Refractory products such as ladle shrouds, monoblock stoppers and submerged entry nozzles find their application in the continuous casting of steel. They are responsible for the steel flow control and its protection against oxidation. During casting, refractories are subjected to severe thermal, mechanical and chemical conditions which may have a deleterious impact on their lifetime. Thus, seeing a need for properties improvement of these materials, the main goal of this work was to investigate the evolution of carbon-bonded refractories during firing and thereby understand their mechanical properties. The particular emphasis was put on the influence of additives, the so-called antioxidants.

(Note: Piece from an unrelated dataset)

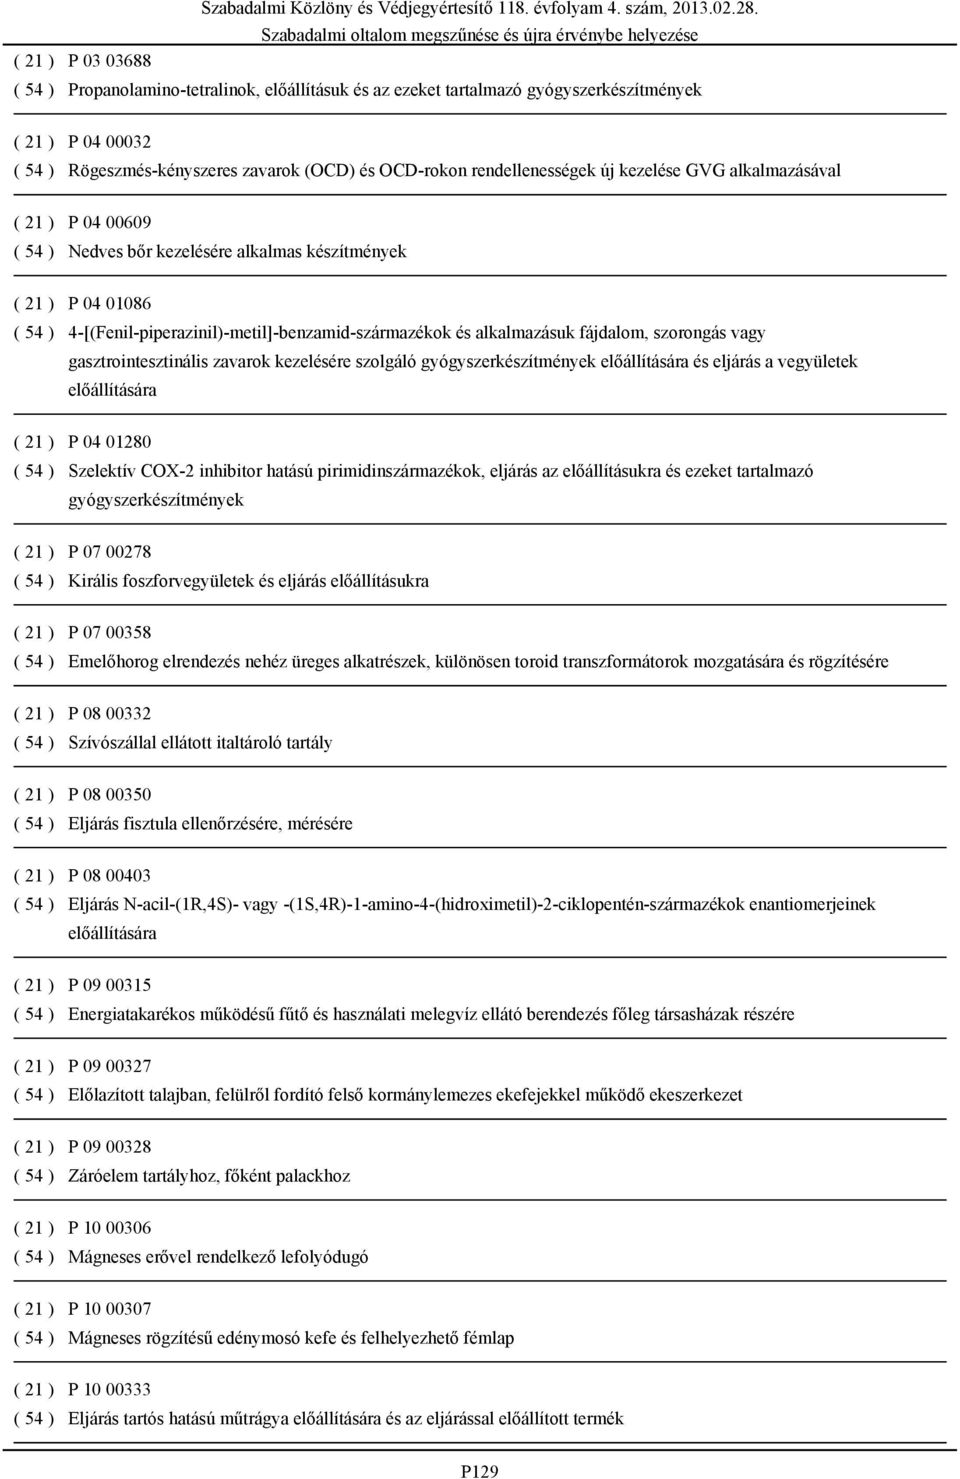 fájdalom, szorongás vagy gasztrointesztinális zavarok kezelésére szolgáló gyógyszerkészítmények előállítására és eljárás a vegyületek előállítására ( 21 ) P 04 01280 ( 54 ) Szelektív COX-2 inhibitor

Model materials having simplified composition compared to the real industrial ones were investigated in order to facilitate the comprehension of interactions between different constituents (alumina, graphite, binder, additives). The influence of four different antioxidants such as boron carbide, a metallic additive and two low melting point compounds were studied.

The evolution of Young’s modulus during firing was followed thanks to an ultrasonic pulse echography device. Damage occurrence within the material was registered by the acoustic emission technique. X-ray diffraction measurements with Rietveld refinement enabled identification and quantification of phases after firing. Stress-strain curves were obtained by tensile testing at room temperature.

Obtained results show that the carbonaceous binder undergoes transformation into pyrolytic carbon and that micro-cracks in material’s matrix are created during firing. It results in a non-linear stress-strain behavior. What is more, boron carbide transforms partially into boron oxide and carbon which does not have important influence on the mechanical properties. The metallic additive reacts with surrounding carbon to form carbides which rigidify the refractory. One of the low melting point compounds forms a liquid phase at high temperature which causes micro-cracks healing thereby leading to a stiffening of the material. The second one undergoes irreversible softening and only slightly modifies the mechanical properties.

Antioxidants are added to carbon-bonded refractories so as to protect all forms of carbon from oxidation. Nevertheless, this study showed that even a small quantity of certain additives might significantly modify their mechanical properties and thus have an influence of their reliability and performance.